There was a hunger and desire that is sometimes missing at the senior level, where athletes can fall into the comfort zone, living the life of a professional athlete. There are often many rewards along the way that athletes want to hang onto and not take risks that could negate their current standings. 

I was most impressed with John Fitzsimons in the 800m. It took a personal best 1:48.68 to make the final. This is something we often talk about. You can’t look beyond the qualifying rounds of a championship. 

So often the first round could be the only round, so it has to be run as a final to have any chance of making the final. What John did to qualify for the final was textbook perfect; do everything you can, run faster than you’ve ever gone before, worry about the final when you’re in it. 

The young Kildare man certainly didn’t worry about the final, but looked to grab the opportunity with both hands and run with it. Sometimes these chances come along, gaps open up and you get in a break but you have to be prepared to just go with the flow and not worry what’s going on behind you. 

After already seeing Gina Apke-Moses take the gold medal in the 100m final, backed up by Ciara Neville also making the final, then Michaela Walsh claiming bronze in the hammer throw, you get the feeling everyone wanted to be a part of the action, and more importantly get close to the medals. 

Overall Ireland placed in the top-eight positions 10 times, across eight different events, and that is certainly a very encouraging statistic to build on and grow towards the future. 

So there is a new wave of young athletes coming along, across a variety of events. That challenge now is to make sure they are nurtured through the void that awaits them, or whatever other hazard of obstacles they are faced with along the way. 

Seven years

It is rarely plain sailing, but if they can overcome any hurdles and are allowed as smooth a transition as possible then there is no reason not to expect them to go on to even greater achievements at senior level. 

Sometimes we can also expect too much from young athletes, when it can take up to seven years to grow a junior to be strong and competitive on the same stage at the senior level.

 So often we see a glimmer of hope and expect too much too soon. It is a long tough road, going through the winter season each year, never knowing how you will be the following year. One year older doesn’t always mean one year stronger. 

In three years’ time, many of these junior athletes could be on the cusp of Olympic qualification for Tokyo 2020, and after another positive few steps along the way it’s not unrealistic. With a European Championships in Berlin next year, those 2017 World Championships one year later, there is a natural progression towards those Tokyo Olympics. 
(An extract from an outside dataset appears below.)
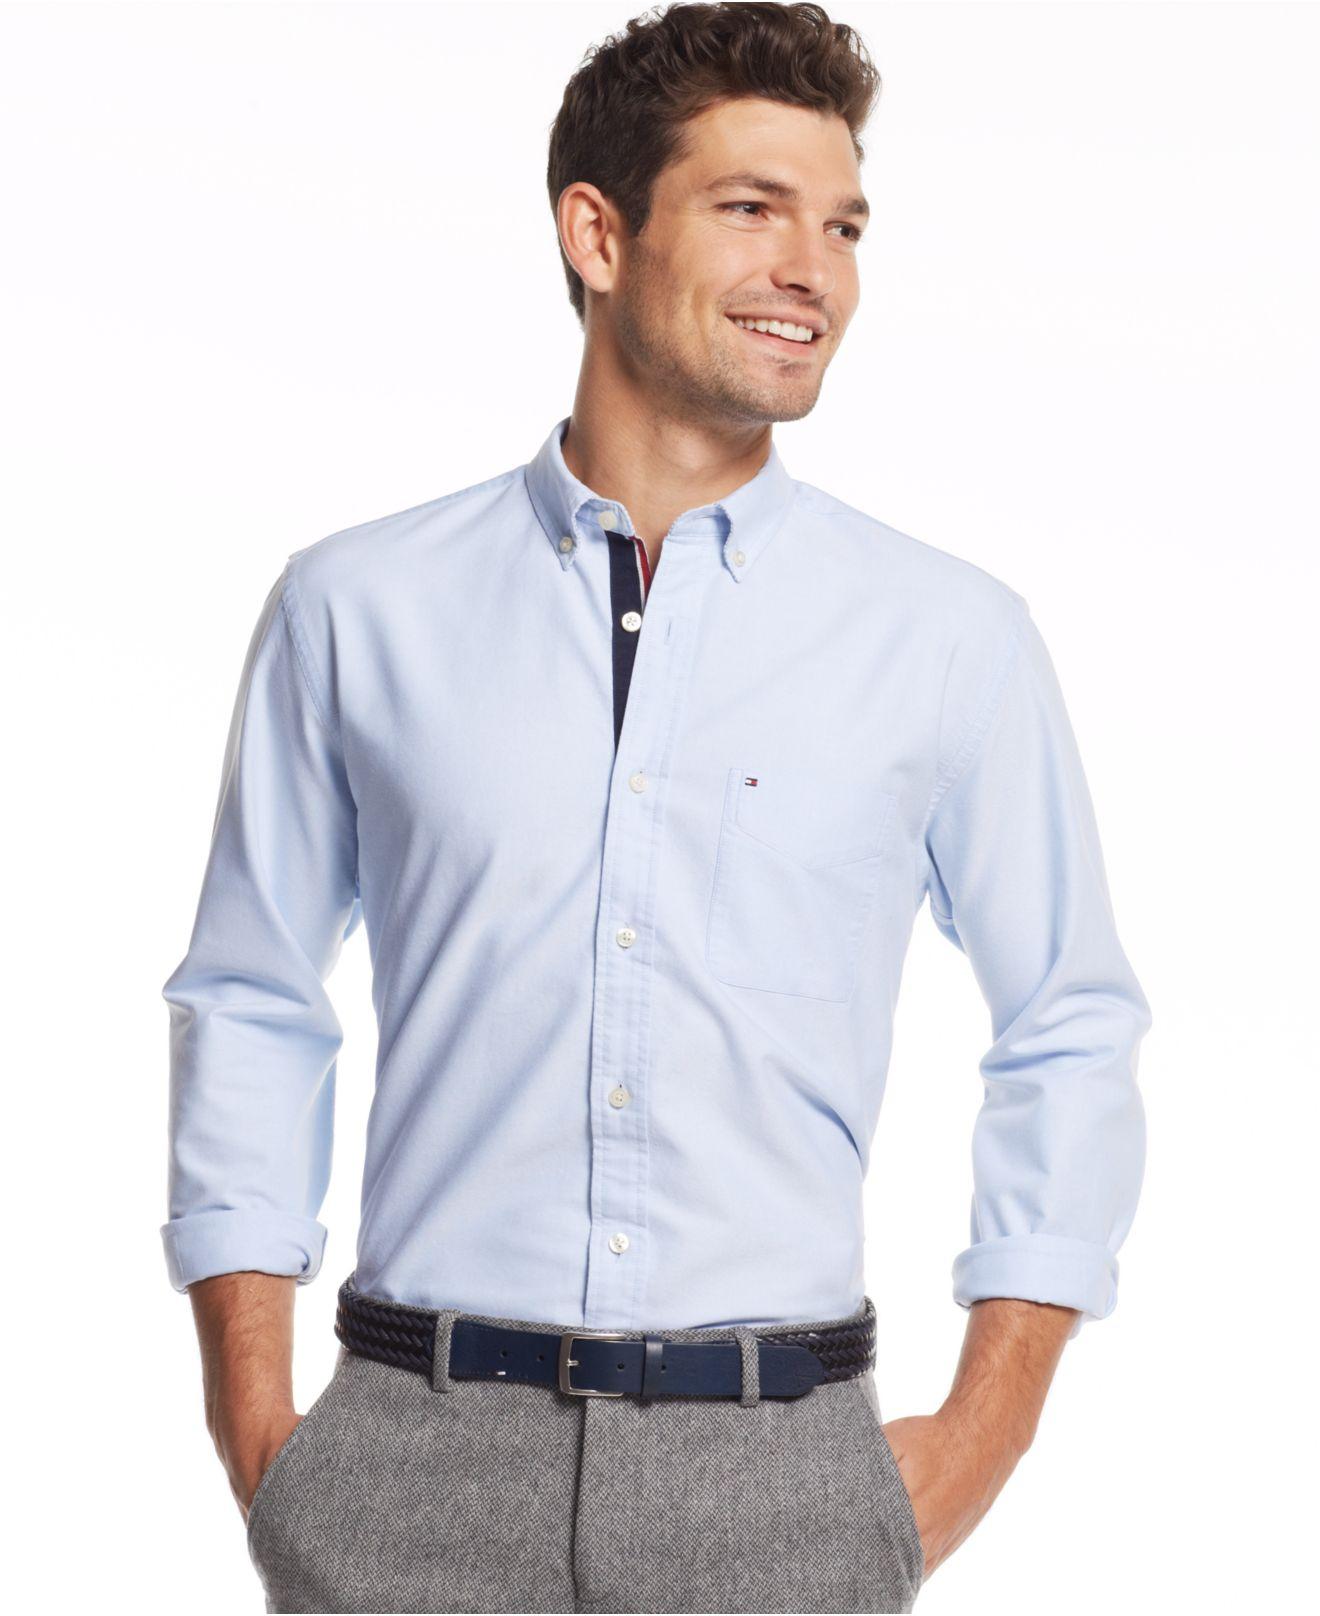 White Stripe Custom Fit TOMMY HILFIGER Shirt Men's Lightweight Oxford Blue

That also means dreaming big, and stepping up a level each year, with continuous forward momentum. When there is a new breed of athletes like this, all trying to match each other and progress together each year, and in some way trying to match each other’s achievements, that in turn can push each other towards a higher level. I certainly felt a bit of that in my early years as an international runner. 

The European Youth Olympic festival is also taking place this week in Gyor, and by day two Ireland had picked up two athletics medals in the girls 100m, won by Patience Jumbo-Gula, and in the hammer, by Jade Williams. Again, the new generation of Irish athletes, in every sense. 

When you have a strong foundation of young athletes like this it’s hard to fathom how Ireland can have such a small senior representation at the World Championships. These things do go in cycles but you have to hope that in the next few years with the right mindset and direction as these young athletes develop and grow, so too will the quantity and quality of Irish senior athletes.